Sorry, I have already updated all 3 machines.
I think I had the firewall disabled on all of them at the time. I know that I later verified that the firewall was disabled on all of them by running that command.
We are seeing the same issue. The 3.7.3 client to a 3.7.2 server fails to mount.
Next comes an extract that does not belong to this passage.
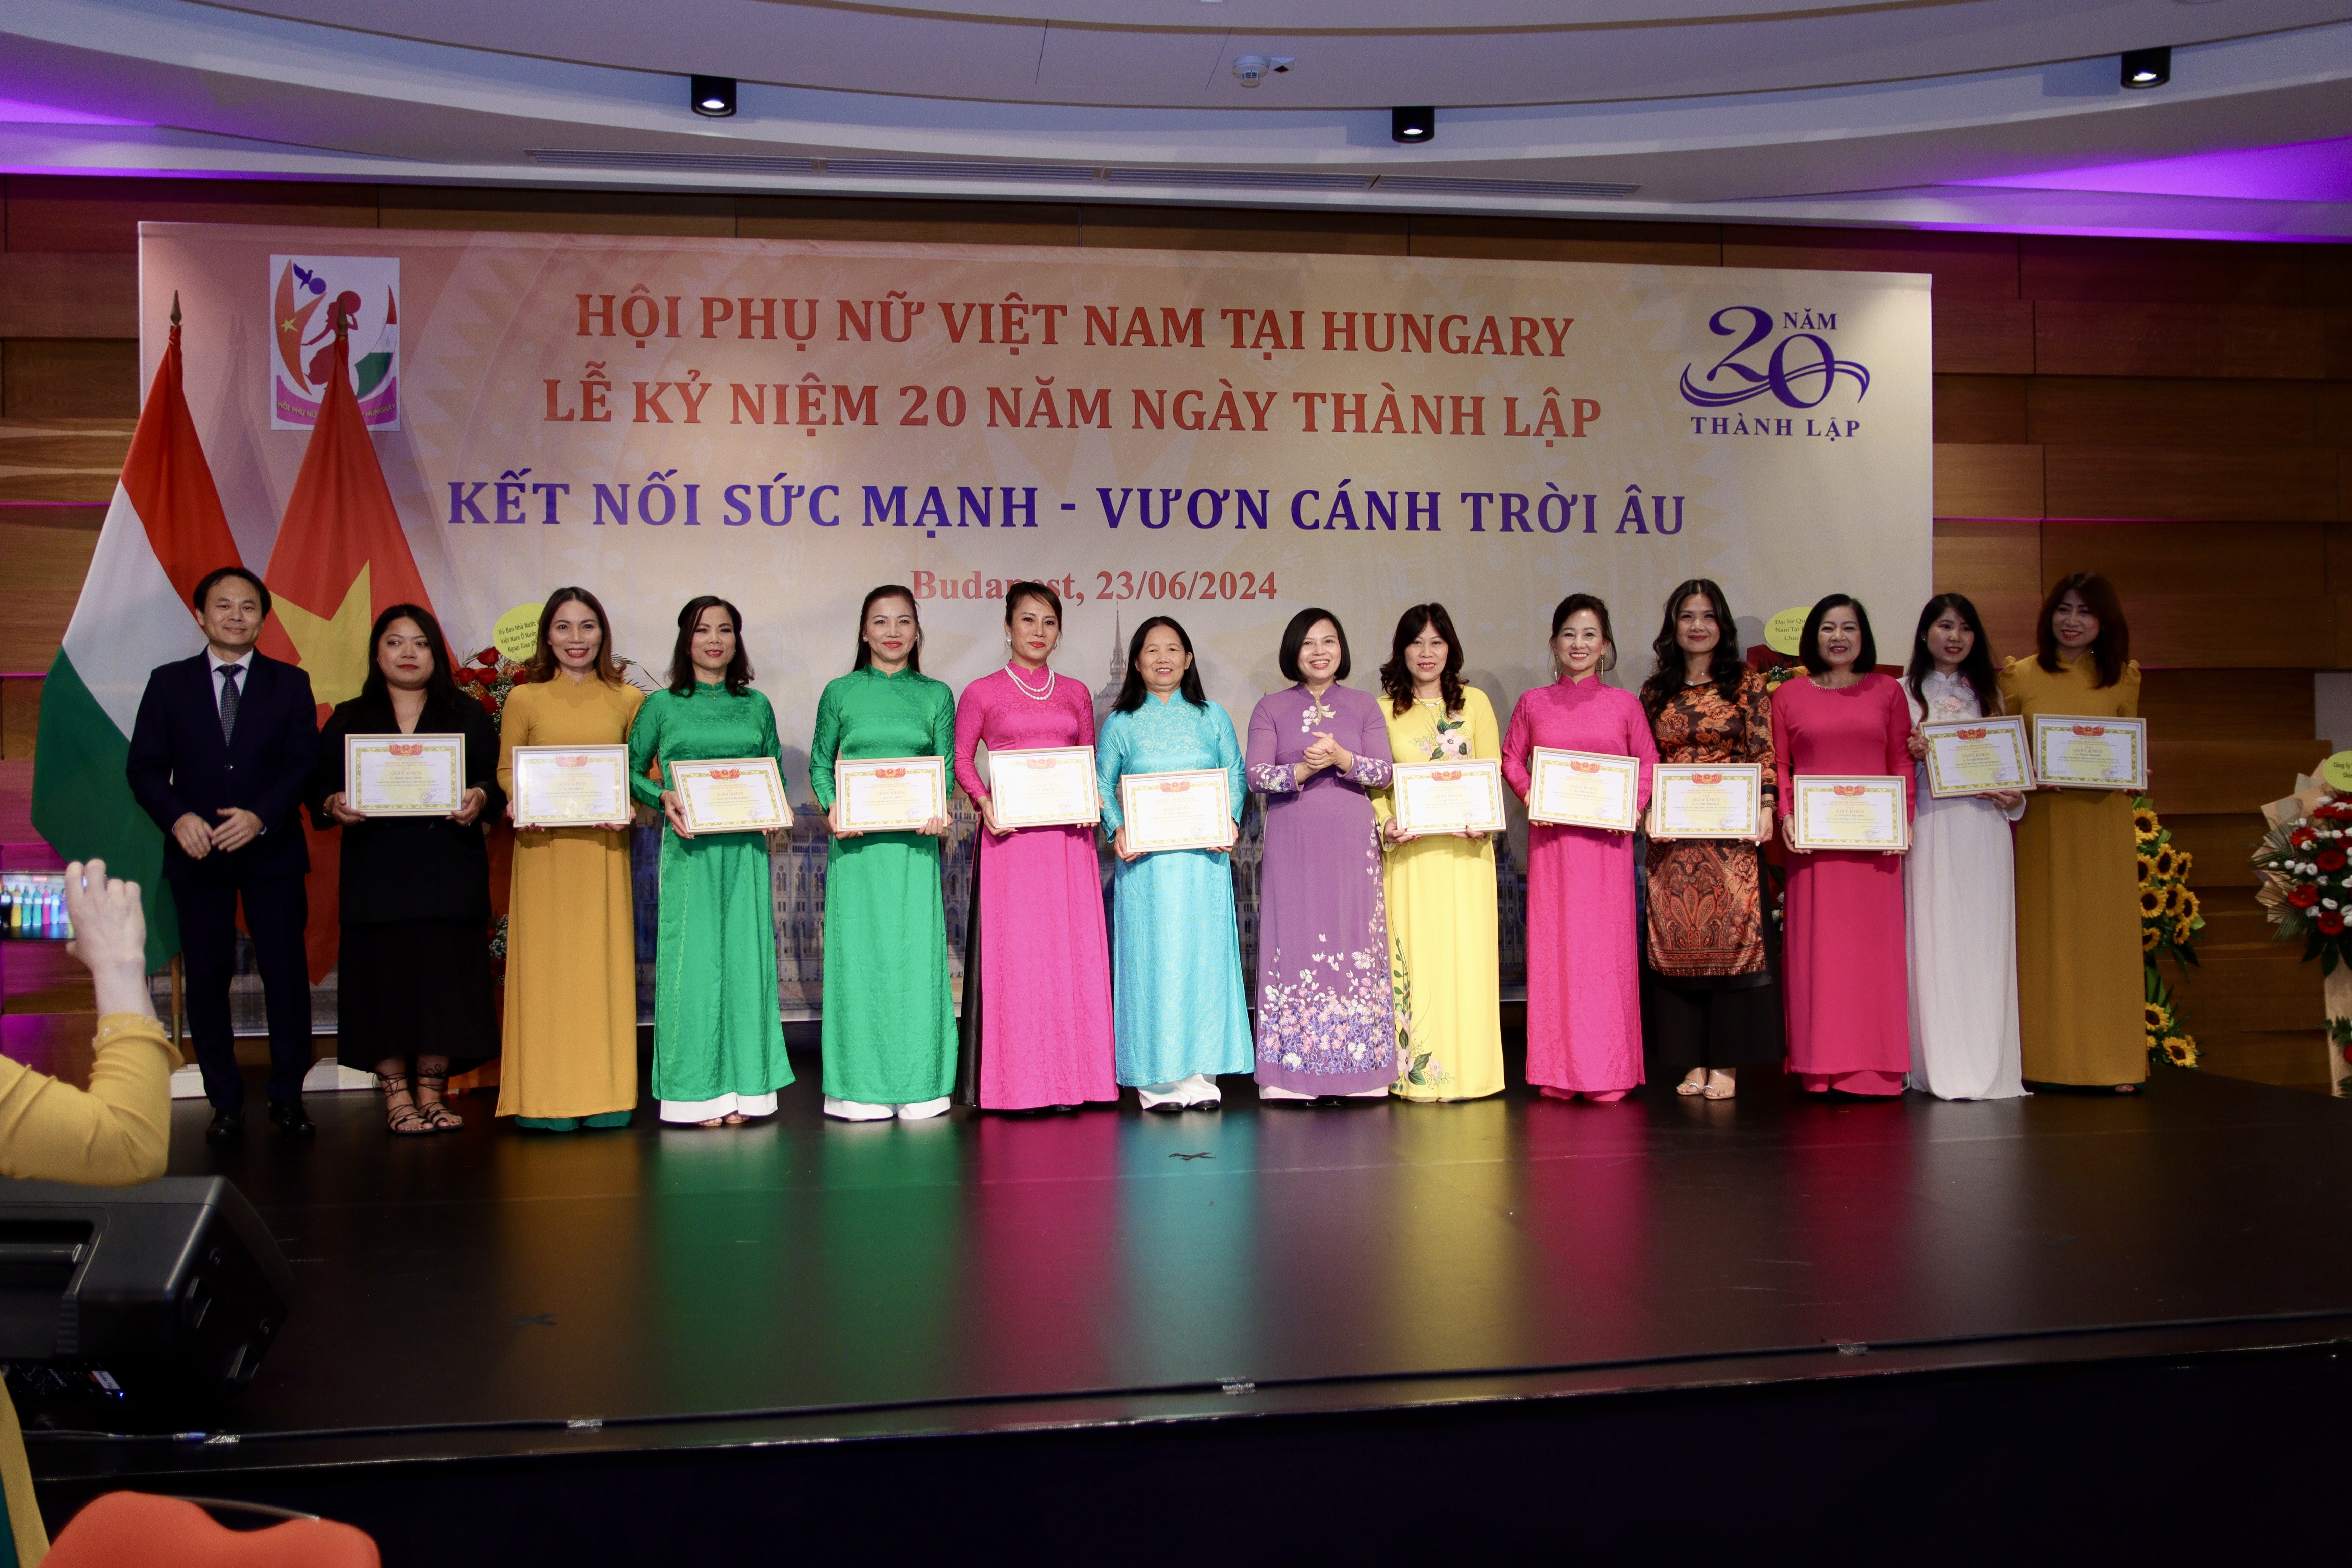 Ngội nhà chung của phụ nữ Việt tại Hungary

I didn't see any log messages on the server side.
Log From Client:
[2015-08-03 14:36:55.678451] I [MSGID: 100030] [glusterfsd.c:2301:main] 0-/usr/sbin/glusterfs: Started running /usr/sbin/glusterfs version 3.7.3 (args: /usr/sbin/glusterfs --volfile-server=gluster1 --volfile-server=gluster2 --volfile-id=general1 /gluster/general1)
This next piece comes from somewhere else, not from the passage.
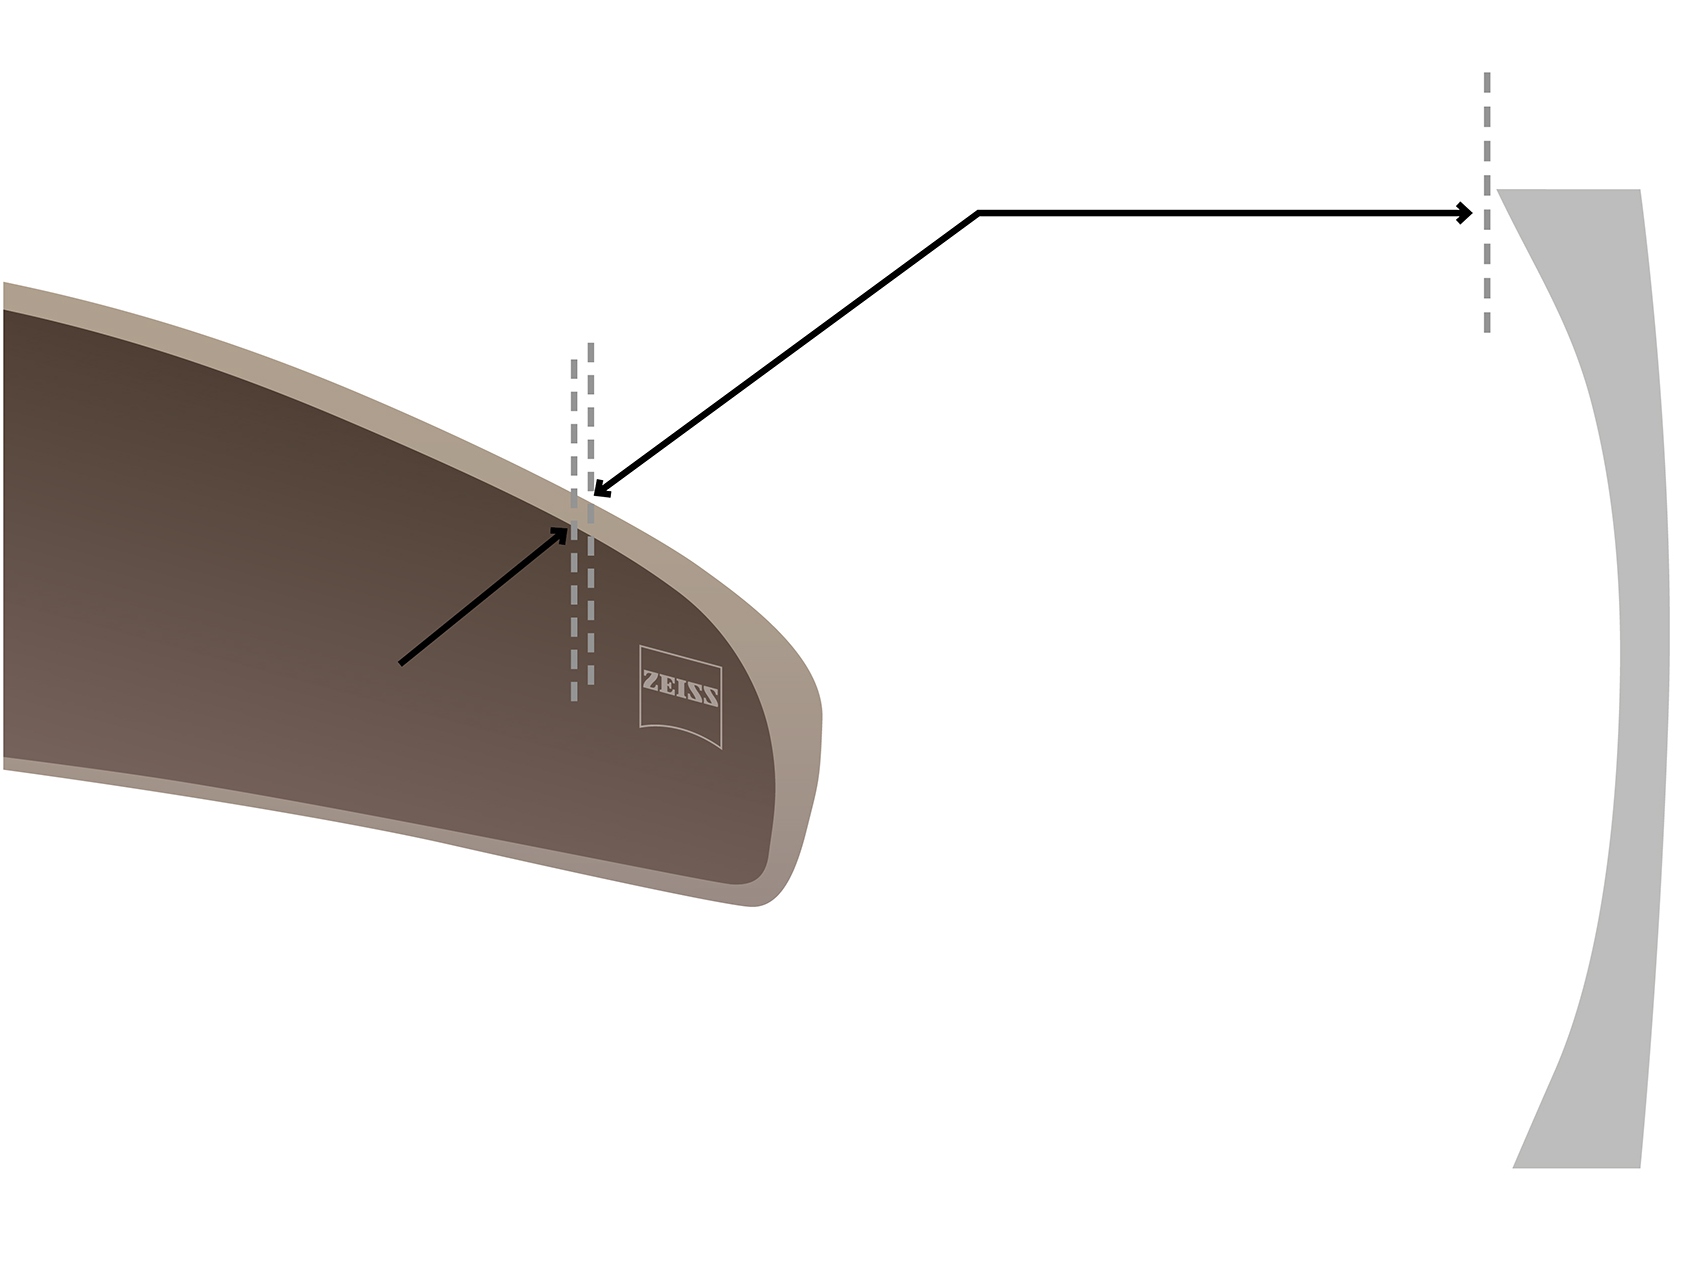 Vizualizace prohnutých brýlových čoček s blízkým pohledem na technologii Cosmetic Edge®.

[2015-08-03 14:36:55.689039] I [MSGID: 101190] [event-epoll.c:632:event_dispatch_epoll_worker] 0-epoll: Started thread with index 1
[2015-08-03 14:36:55.726060] W [socket.c:642:__socket_rwv] 0-glusterfs: readv on 10.x.x.x:24007 failed (No data available)
[2015-08-03 14:36:55.726894] E [rpc-clnt.c:362:saved_frames_unwind] (--> /usr/lib/x86_64-linux-gnu/libglusterfs.so.0(_gf_log_callingfn+0x196)[0x7f084bb7bf46] (--> /usr/lib/x86_64-linux-gnu/libgfrpc.so.0(saved_frames_unwind+0x1de)[0x7f084b94c54e] (--> /usr/lib/x86_64-linux-gnu/libgfrpc.so.0(saved_frames_destroy+0xe)[0x7f084b94c65e] (--> /usr/lib/x86_64-linux-gnu/libgfrpc.so.0(rpc_clnt_connection_cleanup+0x9c)[0x7f084b94df1c] (--> /usr/lib/x86_64-linux-gnu/libgfrpc.so.0(rpc_clnt_notify+0x48)[0x7f084b94e6b8] ))))) 0-glusterfs: forced unwinding frame type(GlusterFS Handshake) op(GETSPEC(2)) called at 2015-08-03 14:36:55.707046 (xid=0x1)
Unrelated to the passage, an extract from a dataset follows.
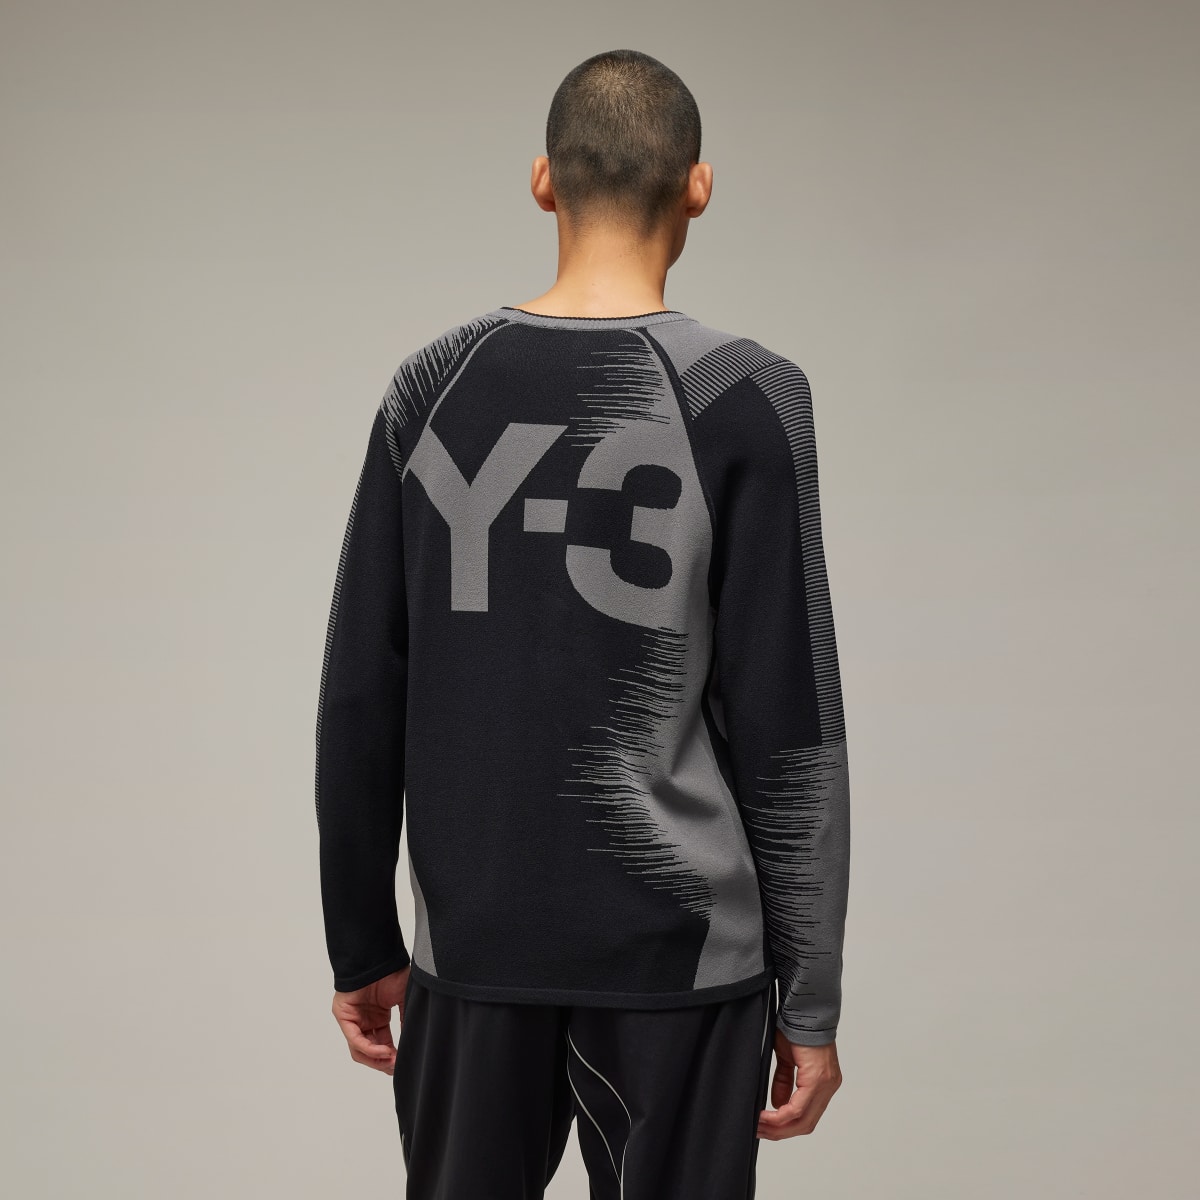 Adidas Y-3 Logo Knit Sweatshirt. 3
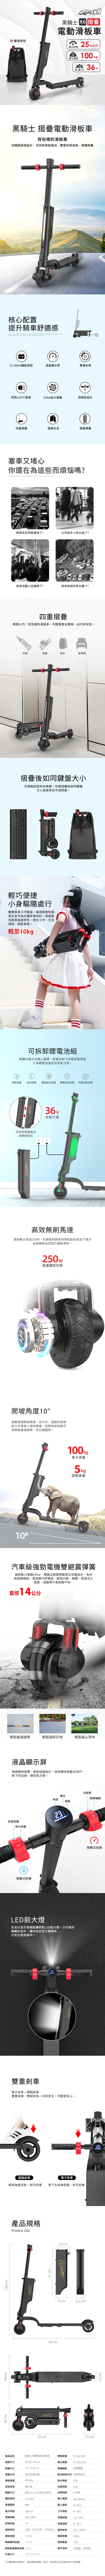 【i-smart】黑騎士摺疊攜帶電動滑板車-黑X6R36GL

[2015-08-03 14:36:55.726988] E [glusterfsd-mgmt.c:1604:mgmt_getspec_cbk] 0-mgmt: failed to fetch volume file (key:general1)
[2015-08-03 14:36:55.727131] W [glusterfsd.c:1219:cleanup_and_exit] (-->/usr/lib/x86_64-linux-gnu/libgfrpc.so.0(saved_frames_unwind+0x205) [0x7f084b94c575] -->/usr/sbin/glusterfs(mgmt_getspec_cbk+0x400) [0x7f084c051f00] -->/usr/sbin/glusterfs(cleanup_and_exit+0x69) [0x7f084c04c589] ) 0-: received signum (0), shutting down
[2015-08-03 14:36:55.727252] I [fuse-bridge.c:5595:fini] 0-fuse: Unmounting '/gluster/general1'.
[2015-08-03 14:36:55.740108] W [glusterfsd.c:1219:cleanup_and_exit] (-->/lib/x86_64-linux-gnu/libpthread.so.0(+0x8182) [0x7f084b30f182] -->/usr/sbin/glusterfs(glusterfs_sigwaiter+0xd5) [0x7f084c04c6f5] -->/usr/sbin/glusterfs(cleanup_and_exit+0x69) [0x7f084c04c589] ) 0-: received signum (15), shutting down
Downgrading to the client to 3.7.2 fixes the issue.
I just ran into this same issue with oVirt 4.0 on CentOS 7 when tryng to connect a new host into an existing Gluster storage domain.
If I manually mount with client at 3.7.3, then I see the "failed to fetch volume file" error. I was able to manually downgrade the client to 3.7.2 (as suggested in comment#4) and this issue is not seen.
This is now a one-year-old issue which effects new hosts using the current, just-released version of oVirt.
This bug is getting closed because GlusteFS-3.7 has reached its end-of-life.
Note: This bug is being closed using a script. No verification has been performed to check if it still exists on newer releases of GlusterFS.
If this bug still exists in newer GlusterFS releases, please reopen this bug against the newer release.